Given growing concern regarding the role that parental ADHD may play in moderating the effectiveness of treatments for children with ADHD (a topic that is thoroughly reviewed in the introduction section of this paper), these investigators went on to examine the impact of parental ADHD symptoms on the study’s outcomes.  Parental ADHD was determined by administering a self-report scale, the Conners’ Adult ADHD Rating Scale (CAARS) to 139 of the parent participants in the study.  Both dimensional and dichotomous ADHD variables were created but only the latter was used in the analysis because of the small size of the ADHD group (N = 23, or roughly 16% of the total).    Results showed that parental ADHD did not affect treatment outcome for either the experimental (FSS) or the control (CARE) condition at the end of the study period.  However, at the three month follow-up assessment, parental ADHD was associated with declines in treatment gains only in the FSS group, particularly in the quality of parent-teacher relationship and the child’s homework performance.  This finding surprised the investigators who hypothesized that ADHD parents in both groups would show declines in outcomes as compared to non-ADHD parents.   They concluded that the control condition may have provided ADHD parents with greater opportunities to develop strategies and to practice problem-solving skills on their own, whereas ADHD parents in the experimental condition might have become overly dependent on study clinicians to implement the parenting practices that were the focus of the intervention.  

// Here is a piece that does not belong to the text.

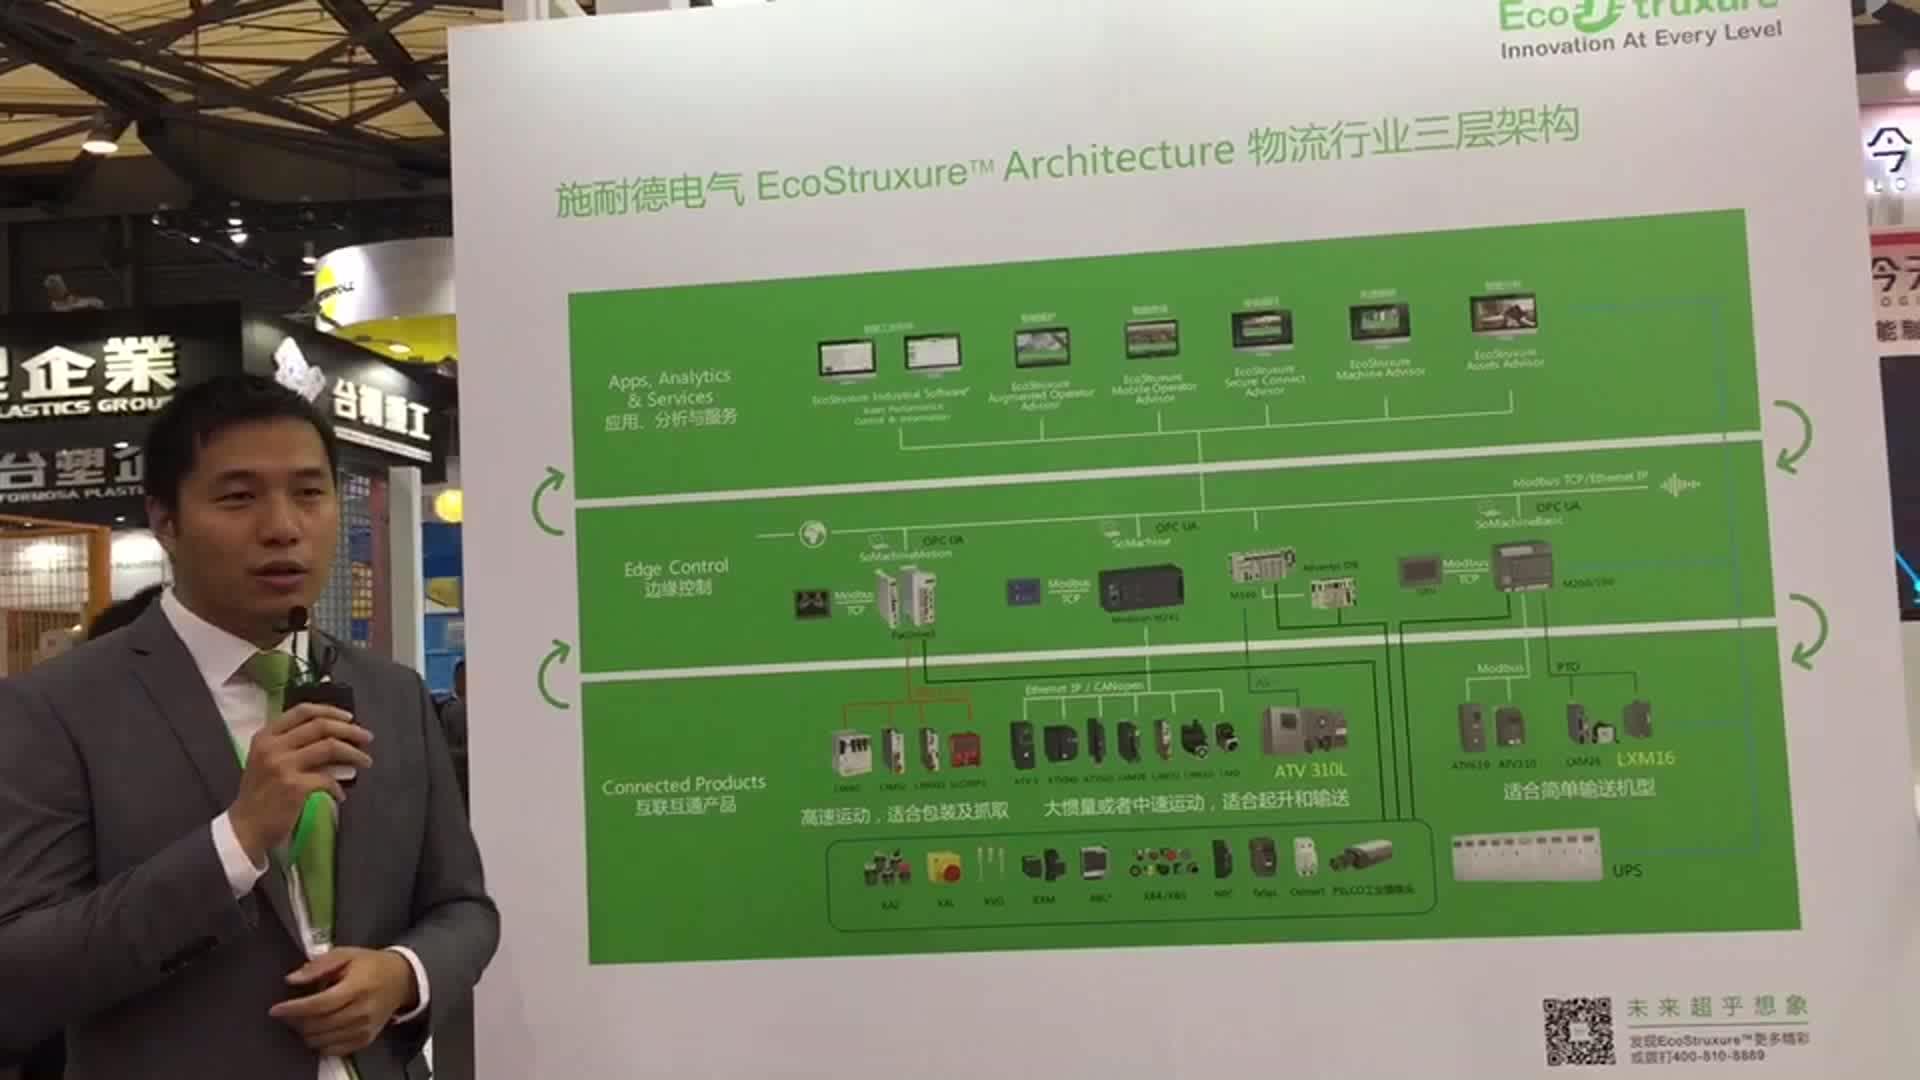 【施耐德展台介绍】施耐德电气(中国)有限公司上海分公司 傅轶敏先生

This study illustrates the importance of modifying parent-focused treatment interventions to the specific characteristics of the patient and family.  In particular, when parents of ADHD children also exhibit the symptoms of ADHD, it may be helpful to provide additional opportunities for them to develop strategies, cultivate resources, and practice parenting skills aimed at helping their ADHD children succeed at school.

CAARS = Conners’ Adult ADHD Rating Scale

CARE = Coping with ADHD through Relationships and Education

FSS = Family School Success Program

 

Power, T.J., Mautone, J.A., Soffer, S.L. Clarke, A.T., et al (2012). “A family-school intervention for children with ADHD: Results of a randomized clinical trial.” Journal of Clinical Child and Adolescent Psychology. 80: 611-623 DOI: 10.1037/a0028188.